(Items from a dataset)
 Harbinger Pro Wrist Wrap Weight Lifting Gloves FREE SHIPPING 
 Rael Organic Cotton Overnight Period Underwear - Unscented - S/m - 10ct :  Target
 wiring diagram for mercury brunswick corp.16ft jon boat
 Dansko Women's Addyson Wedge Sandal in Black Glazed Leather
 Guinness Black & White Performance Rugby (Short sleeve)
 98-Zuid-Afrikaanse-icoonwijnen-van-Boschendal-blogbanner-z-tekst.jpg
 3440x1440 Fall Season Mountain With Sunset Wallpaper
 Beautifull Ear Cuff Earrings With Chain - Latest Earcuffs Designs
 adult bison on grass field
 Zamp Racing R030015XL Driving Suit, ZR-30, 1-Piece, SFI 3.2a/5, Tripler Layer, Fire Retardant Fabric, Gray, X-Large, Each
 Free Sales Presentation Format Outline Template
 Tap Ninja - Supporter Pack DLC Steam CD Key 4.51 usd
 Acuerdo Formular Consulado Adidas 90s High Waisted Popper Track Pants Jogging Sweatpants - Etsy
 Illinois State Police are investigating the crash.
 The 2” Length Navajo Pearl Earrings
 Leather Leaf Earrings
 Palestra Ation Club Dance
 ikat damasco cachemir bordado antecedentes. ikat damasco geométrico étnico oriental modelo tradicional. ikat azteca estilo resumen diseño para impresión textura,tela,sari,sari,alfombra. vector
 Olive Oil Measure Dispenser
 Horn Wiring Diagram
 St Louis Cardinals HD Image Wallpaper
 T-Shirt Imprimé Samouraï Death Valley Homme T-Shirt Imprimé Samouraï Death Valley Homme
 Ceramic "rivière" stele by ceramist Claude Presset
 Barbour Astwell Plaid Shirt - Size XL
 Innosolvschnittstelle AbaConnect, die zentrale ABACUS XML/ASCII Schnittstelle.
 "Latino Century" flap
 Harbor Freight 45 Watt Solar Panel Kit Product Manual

GOAL OF THE EXERCISE:
Output only the lines from the one with "St Louis Cardinals HD Image Wallpaper" through the last line of the entries above; please keep them exact.

OUTPUT OF THE TASK:
 St Louis Cardinals HD Image Wallpaper
 T-Shirt Imprimé Samouraï Death Valley Homme T-Shirt Imprimé Samouraï Death Valley Homme
 Ceramic "rivière" stele by ceramist Claude Presset
 Barbour Astwell Plaid Shirt - Size XL
 Innosolvschnittstelle AbaConnect, die zentrale ABACUS XML/ASCII Schnittstelle.
 "Latino Century" flap
 Harbor Freight 45 Watt Solar Panel Kit Product Manual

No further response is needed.